The architecture diagram above is an example of a Solution created with Well-Architected best practices in mind. To be fully Well-Architected, you should follow as many Well-Architected best practices as possible.

To respond to incidents and events while operating this Guidance, Amazon CloudWatch can be seamlessly integrated to collect and visualize logs, metrics, and event data. This allows customers to create alarms that alert them of operational anomalies.

Read the Operational Excellence whitepaper 

We recommend data be encrypted at rest using AWS Key Management Service (AWS KMS) with customer-managed AWS KMS keys. The keys should be rotated on a regular schedule. Services like Kinesis Data Streams, AWS Glue, and Amazon S3 all integrate with AWS KMS for easy encryption. For data in transit, customers should ensure any application connections require SSL/TLS.
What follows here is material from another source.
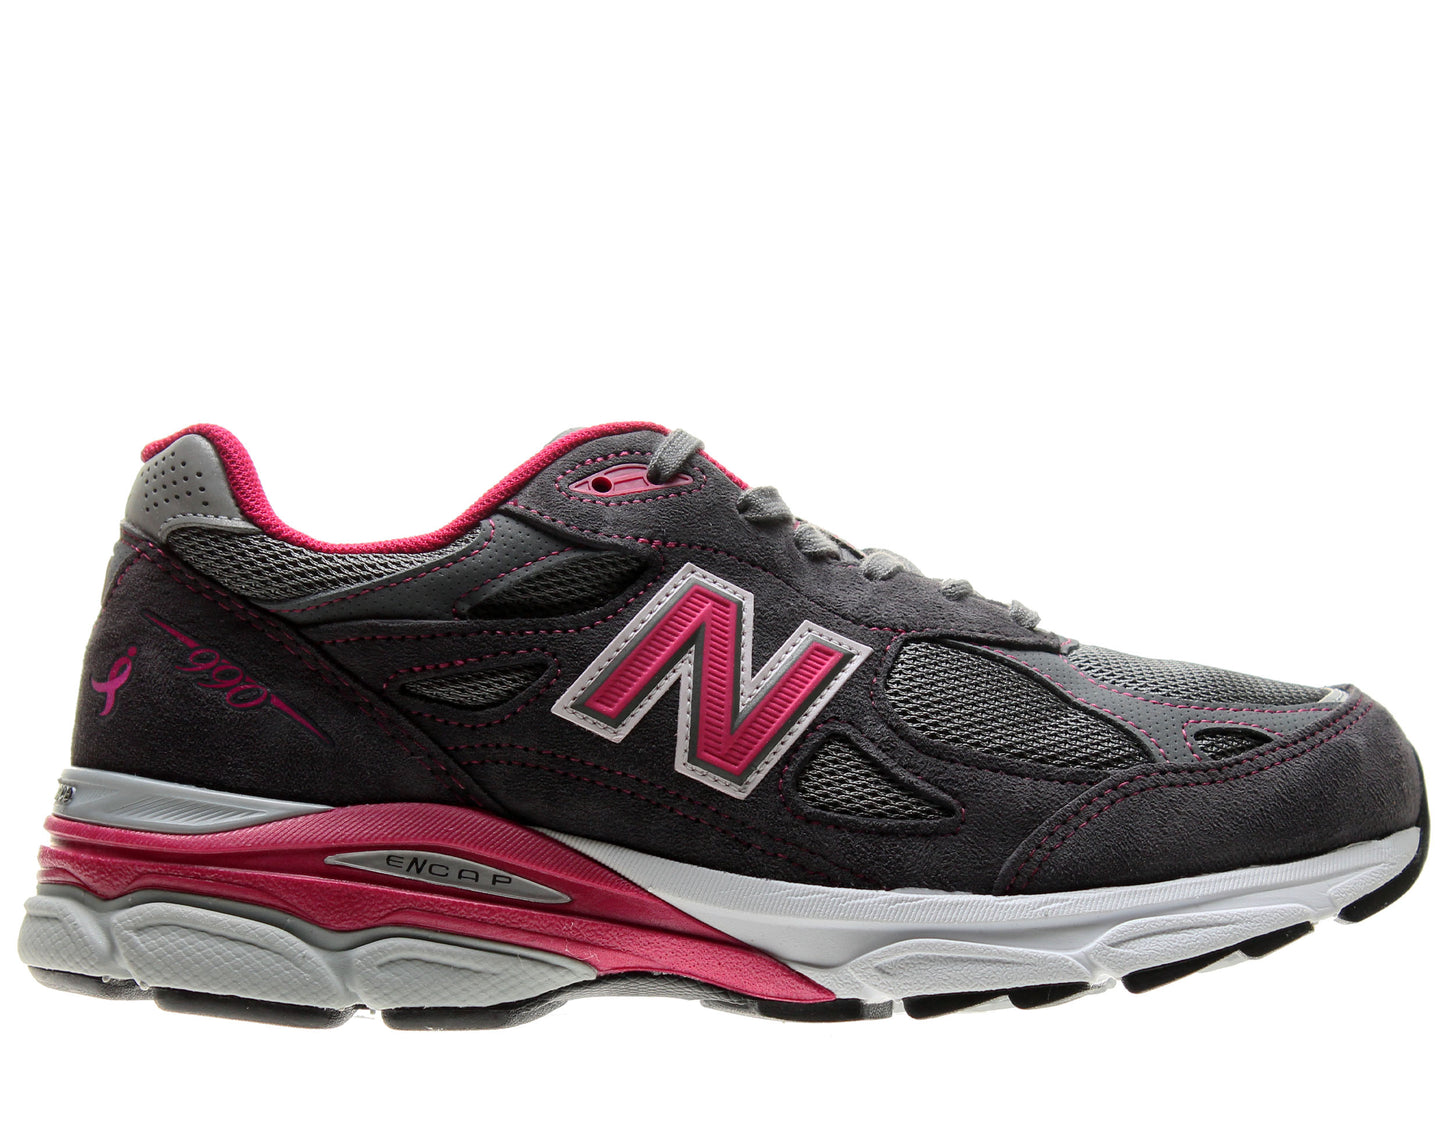 New Balance 990v3 Women's Running Shoes

Read the Security whitepaper 

This Guidance is designed with services that have initial service limits that accommodate a large majority of customer workloads. If necessary, service quotas can be expanded. For example, a customer can increase the number of concurrent executions of AWS Glue jobs or concurrent active data manipulation language (DML) queries in Athena.

Read the Reliability whitepaper 

This Guidance uses serverless managed services that automatically scale up and down in response to changing demand, reducing resource overhead.

Storing data in Amazon S3 allows consumers to bring various tools or services to their data, dependent on their needs. For example, customers can query data directly in Amazon S3 using Athena, or they can use QuickSight for a business intelligence (BI) dashboard.

Read the Performance Efficiency whitepaper 

This Guidance relies on serverless AWS services like AWS Glue, Step Functions, and Athena that are fully managed and automatically scale according to workload demand. As a result, customers only pay for what they use.

Read the Cost Optimization whitepaper 

Data in Amazon S3 can be stored in more efficient file formats (such as Parquet) to prevent unnecessary processing and reduce the overall storage required.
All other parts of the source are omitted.